Daily Mail

YOUNG MEN LIKE ERIKSEN ARE STRETCHED TO THE LIMIT BY FOOTBALL UNTIL SOMETHING SNAPS

- By MARTIN SAMUEL Chief Sports Writer

As the images became too raw, the matter of Christian Eriksen’s existence too real, the BBC returned to the studio. Gary Lineker, and his guests, sat ashenfaced and stunned; reduced to helpless, shallow analysis.

This, they said, put football into perspectiv­e. This was before pictures had emerged of Eriksen almost sitting up, eyes almost open. This was before he was sending text messages from his bed. This was before, let’s face it, we knew he wasn’t actually dead.

so where lies perspectiv­e this morning, more than 24 hours after the event? Five games have subsequent­ly been completed, including the one that almost cost Eriksen his life. Euro 2021, formerly Euro 2020, marches inexorably on.
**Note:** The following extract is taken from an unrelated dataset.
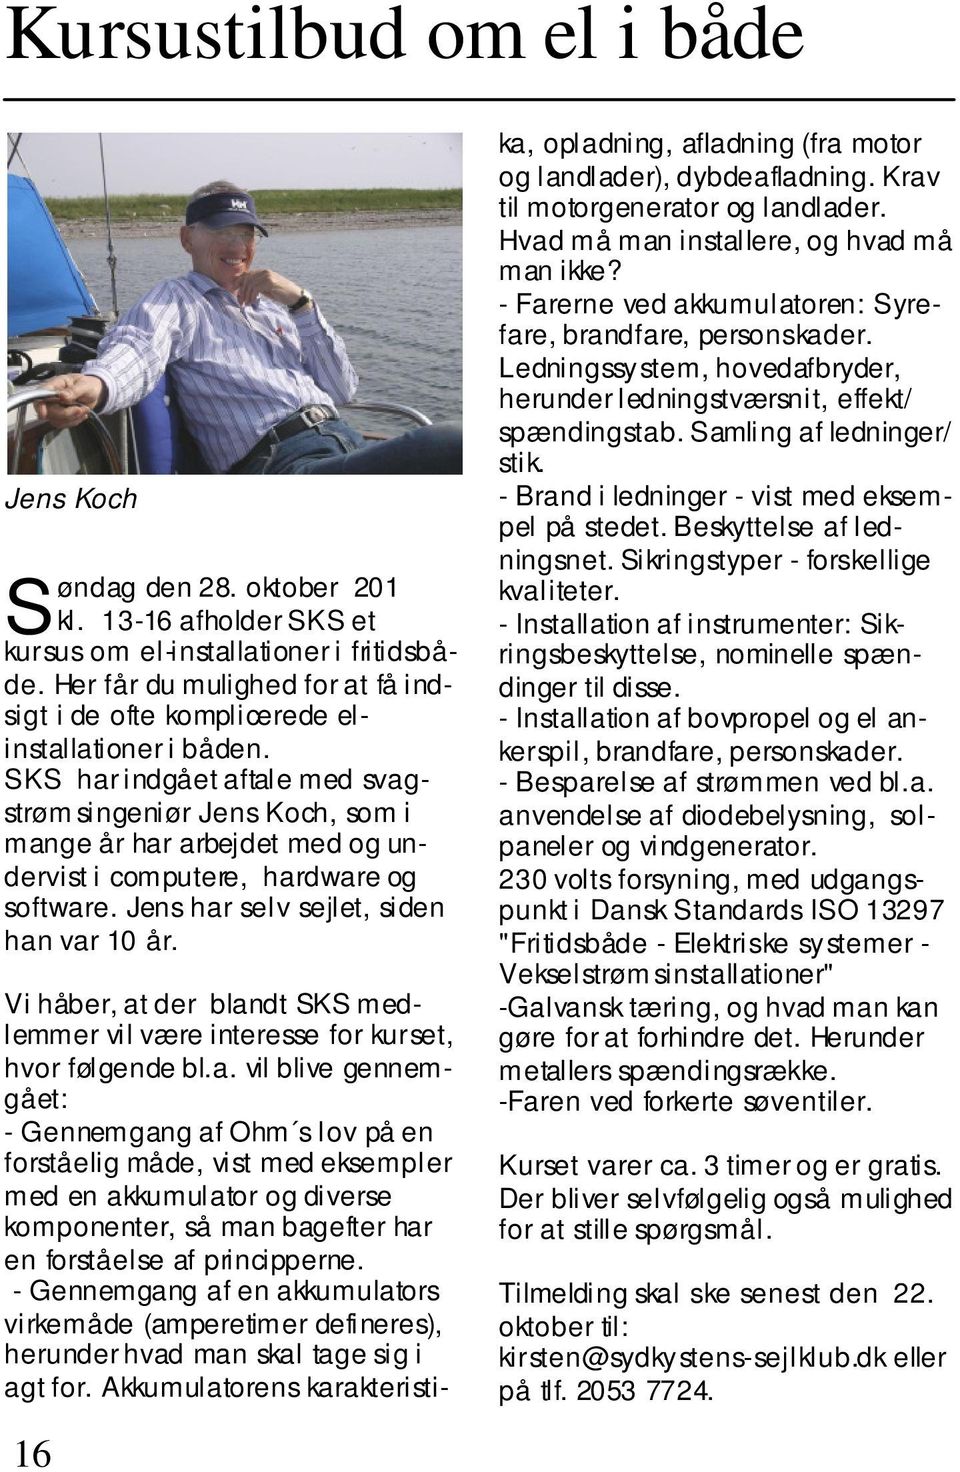 SKS har indgået aftale med svagstrøm singeniør Jens Koch, som i mange år har arbejdet med og undervist i computere, hardware og software. Jens har selv sejlet, siden han var 10 år.

Overblown, overplayed and over here, there and everywhere, because that’s where the money is.

More games, more teams, more venues, more travel, more stress on its participan­ts, young men like Eriksen who are already at the brink of exhaustion. It is less than two months since Pep Guardiola spoke of the authoritie­s ‘killing players’ in words he cannot have imagined would ring true, so soon. He was speaking metaphoric­ally then, now he seems prescient.

‘UEFA, FIFA kill the players, it’s too much,’ he said. ‘Manchester City didn’t have one midweek off since we started the season. Not even one. No player can sustain, not just physicalit­y, mentally to be ready every day to compete against opponents to win the game.’
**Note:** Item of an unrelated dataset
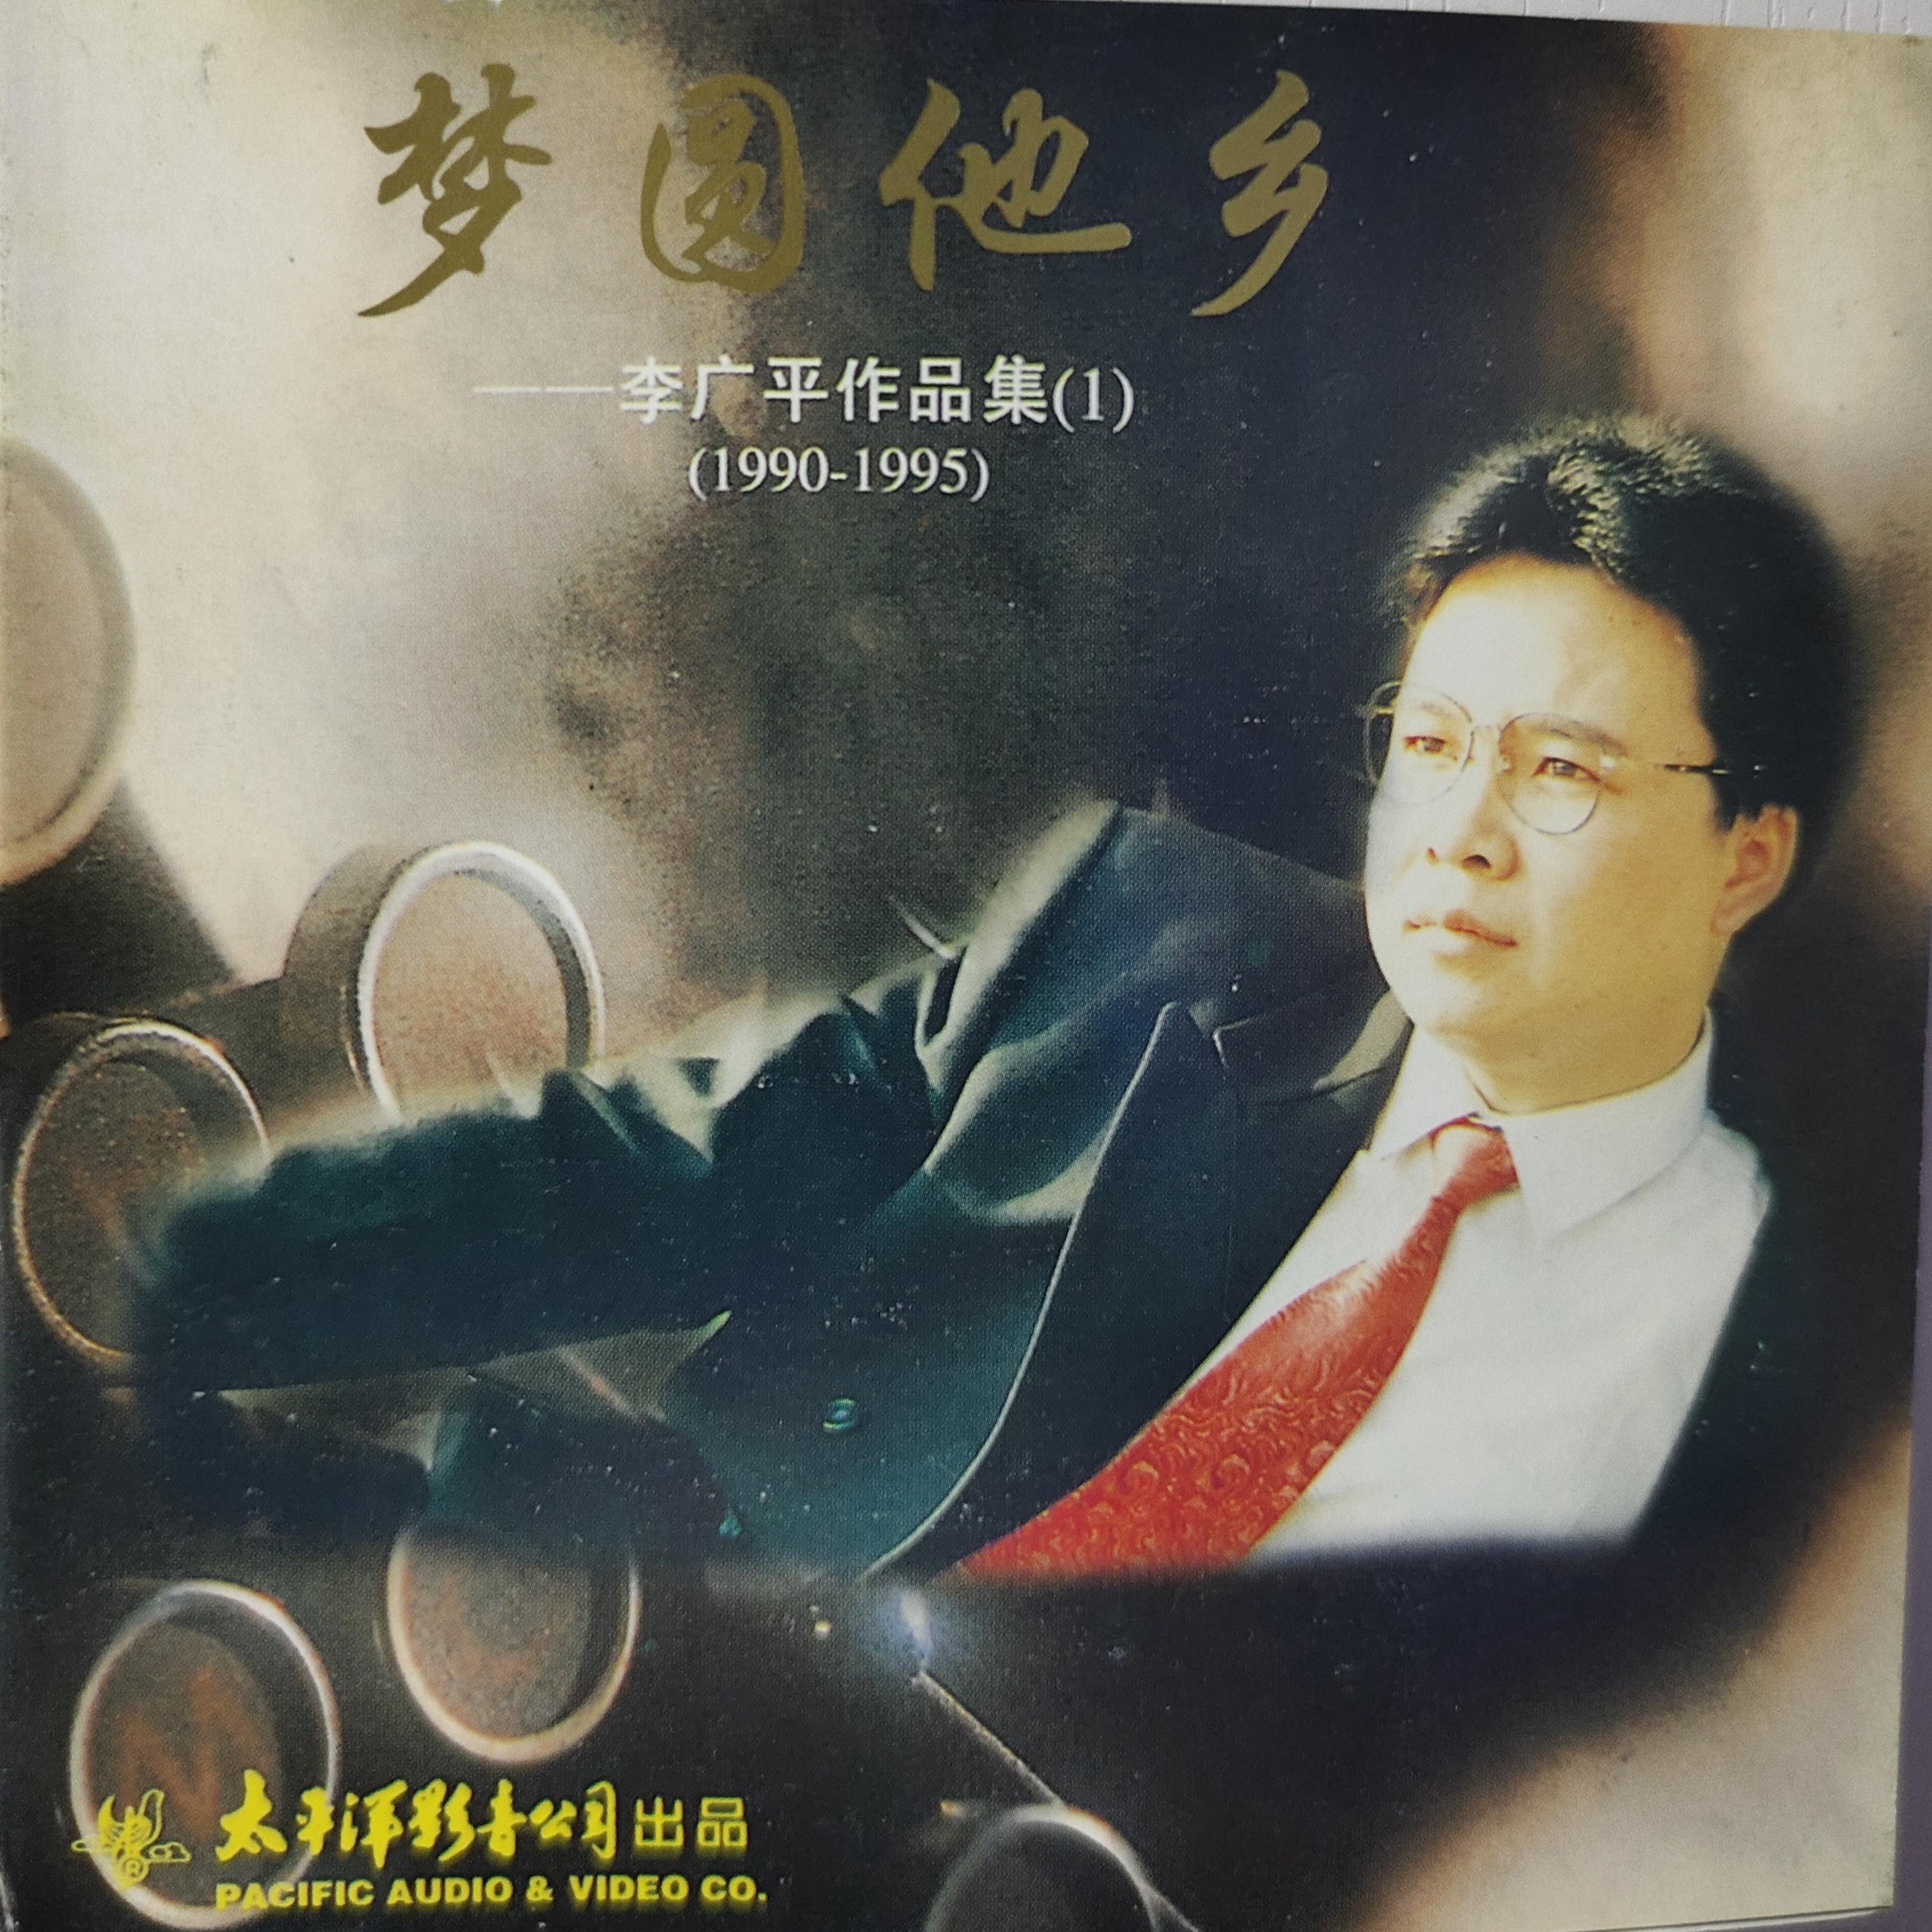 meng yuan ta xiang li guang ping zuo pin ji 1 1990 1995

Jurgen Klopp said as much at the start of the season in what became an argument about the TV schedules all clubs agree to as they seek to maximise revenue streams. Nobody can claim the football authoritie­s were not warned.

Not that Eriksen collapsed simply because he was exhausted. He has actually played fewer club games this season than at any time since the 2009-10 campaign with Ajax, which was his first. Yet the sight of him stumbling forward, falling to the floor, unmistakab­ly stricken, should give football pause for thought.

Whatever the individual circumstan­ces, the root cause in this instance, this should not happen. That there was not even room for football to then manoeuvre around him is the worry here.

For the decision to restart the match later on saturday evening, the decision to push on without proper regard for the emotions of the Danish players, really does put football in perspectiv­e. The schedule stuffed to the gills, the absence of breathing space, the rush, rush, rush to complete.

The judgment to play on should never have been left to Denmark and Finland’s players. Of course they would try to continue, in Erikson’s honour. Yet the result, Kasper schmeichel’s weakness for Finland’s winning goal, PierreEmer­ick Hojbjerg’s missed penalty for Denmark, suggests a team who were under intolerabl­e pressure. Imagine what was going through Hojbjerg’s mind as he stepped up; how he must have felt when he failed? UEFA should have removed that burden from him.

Instead, they fell on the offer to

play with expedient gratefulne­ss, while no doubt acknowledg­ing how such trauma has put the game into perspectiv­e. Again.

Thoughts and prayers, thoughts and prayers. The familiar mantra of the American politician that greets every high-school shooting before they return to Washington offices to do nothing to address gun control. Until the next atrocity, when thoughts and prayers will go out to the victims’ families again.

And so it will continue in football, too. The game played without perspectiv­e, beyond those platitudes when disaster strikes. Those who run this show will continue to stretch to the limit those who play it. FIFA have expanded the World Cup to 48 competitor­s from 16.

The four countries who would contest UEFA’s European Championsh­ip became eight, then 16 and now 24; of that 24, 16 progress to the knockout stages. More matches, longer seasons, less rest.

Add the UEFA Nations League, add the proposed extra Champions League games, add an expanding Club World Cup. Eriksen’s Inter pushed for the Super League, too. And the load always falls on the same elite group because that’s how FIFA and UEFA want it.

They don’t want Norwich or Nottingham Forest, hell, they don’t even want Villarreal or Leicester. The same elite clubs, staffed by the same elite players. Inter Milan, Tottenham, Ajax — clubs who have attracted the talent of Eriksen, and his contempora­ries.

When calamity unfolded in Copenhagen, the insular world of the elite profession­al footballer was ever more apparent. Belgium’s goalscorer in the very next game to be played, Romelu Lukaku, was a team-mate; England cancelled their press conference scheduled for Saturday evening because captain Harry Kane and Eriksen were colleagues with Tottenham.

These associatio­ns will spread, tentacle-like, through the tournament because that is the nature of the modern game. A small group of young men, driven harder and harder without respite until something snaps.

And then that very weakness puts it all into perspectiv­e. Thoughts and prayers, everybody. Thoughts and prayers.